ニューラルネットワークは1943年に発表された McCullochとPittsの神経回路網理論が起源である。 彼らはニューロンの機能や動作についてモデル化を行なった。 1949年にはHebbがニューロンの情報入力部分にあるシナプス結合において、 その結合強度がニューロンの興奮によって強まるという変化則を示し、 その結合強度の強弱こそが脳内における情報の分散的な記憶の本質であると 提案した。

その二つの提案を受けて1958年、Rosenblattは これらの原理に基づいてパターンを学習識別するパーセプトロンを提案した。 パーセプトロンは一時期能力の限界を厳しく評価されたために研究が停滞したが、 1986年にはRumelhartによって誤差逆伝播法(バックプロパゲーション) という多層パーセプトロンにおける学習アルゴリズムが発表され、 その後は再び盛んな研究が行なわれるようになった。[1] その利用方法の一つに時系列の認識・想起がある。 時系列の想起を行なう一つの手法として、 多層パーセプトロンである階層型のニューラルネットワークに対して データを入力すると次の時点でのデータを出力し、 それを次の入力にすることでさらに次の情報を出力させる、 これを繰り返すことで全時間の情報を想起するという手法がある。

このようなモデルを確立する一方で、生体ニューロンに対する研究も行われた。 そこにはカオスと呼ばれる決定論的非周期振動の振る舞いが観察され、 1990年には合原らがカオスニューロンモデルを発表した。 これにより、モデルの振る舞いはより実際の脳に近づくと期待された。
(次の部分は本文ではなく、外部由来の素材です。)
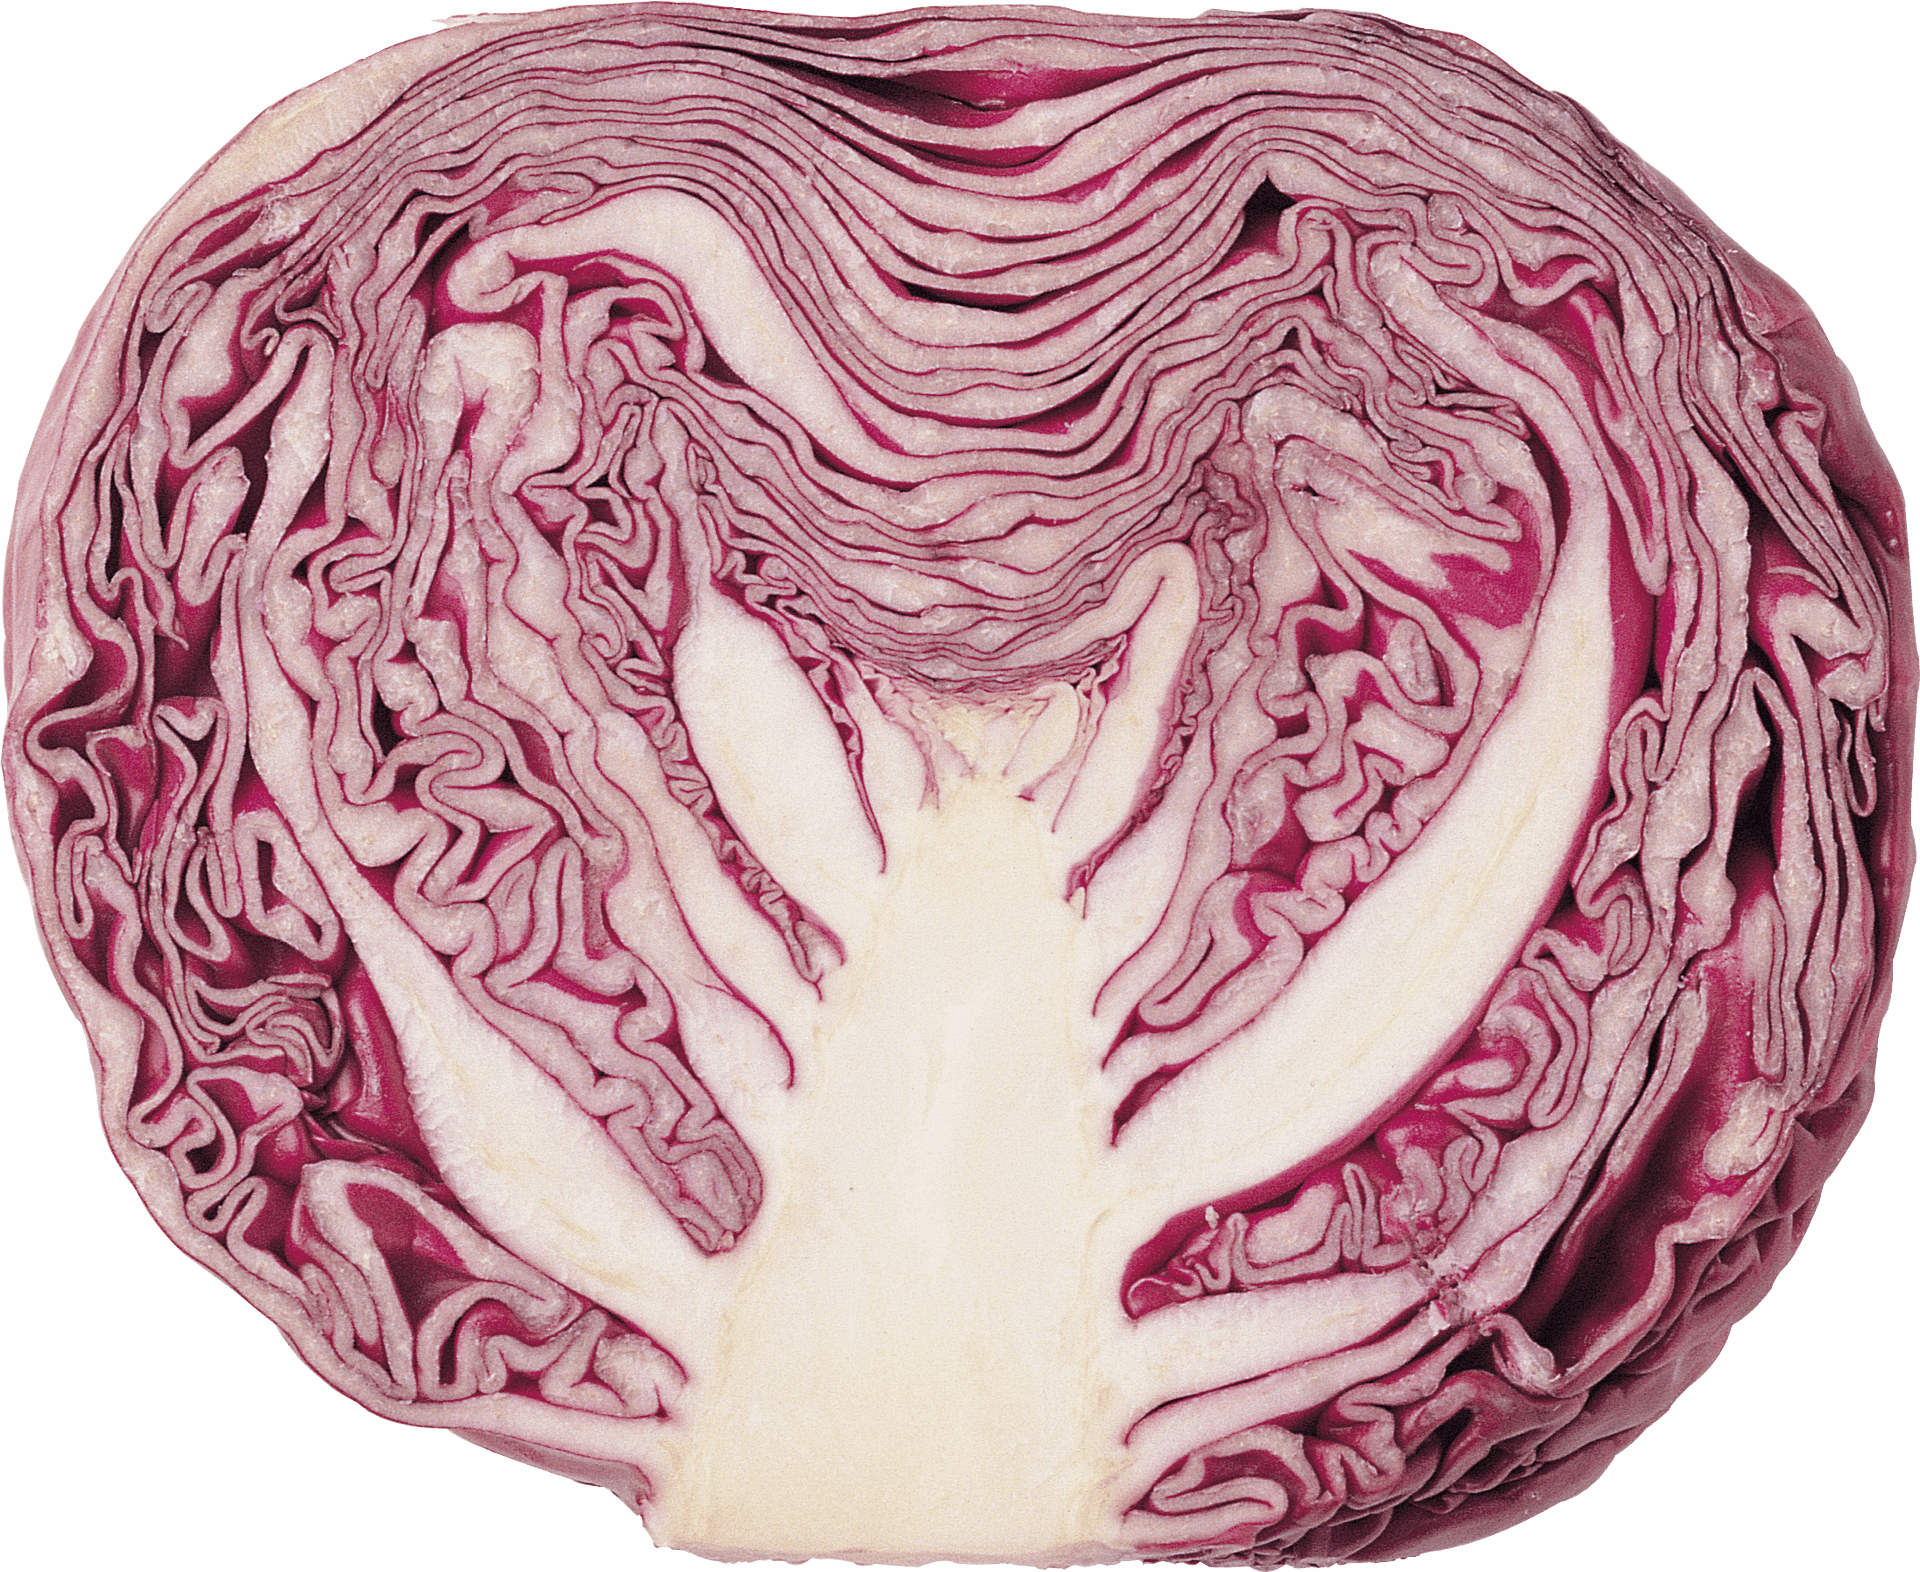 Red Cabbage Cross Section.png PNG

本研究では、カオスニューロンがもつ時間的加算の性質をうまく利用して、 バックプロパゲーションによる時系列データの学習を進めることにした。 しかしながら、カオスニューロンやバックプロパゲーションを利用するには パラメータを決定しなければならない。 このパラメータを決める手法として、遺伝的アルゴリズムが有効であるため[2]、 これを用いることにした。 さらに、これによる学習成功率の向上を中心として実験を進めることにした。 これにはニューラルネットワークの中間層にあるノード数が大きく関わると考え、 これを単純増加や遺伝的アルゴリズムを用いることで、 学習への影響を調べることにした。

時系列データとしては、正弦波と方形波を用いる。 方形波は、フーリエ級数展開した時の高調波をいくつ足し合わせるかで入力波形を変え、 様々な入力波形について学習成功率の実験を行う。 また、入力する波形や中間ノードの数によってどのような性質があるのかを考察・検討していく。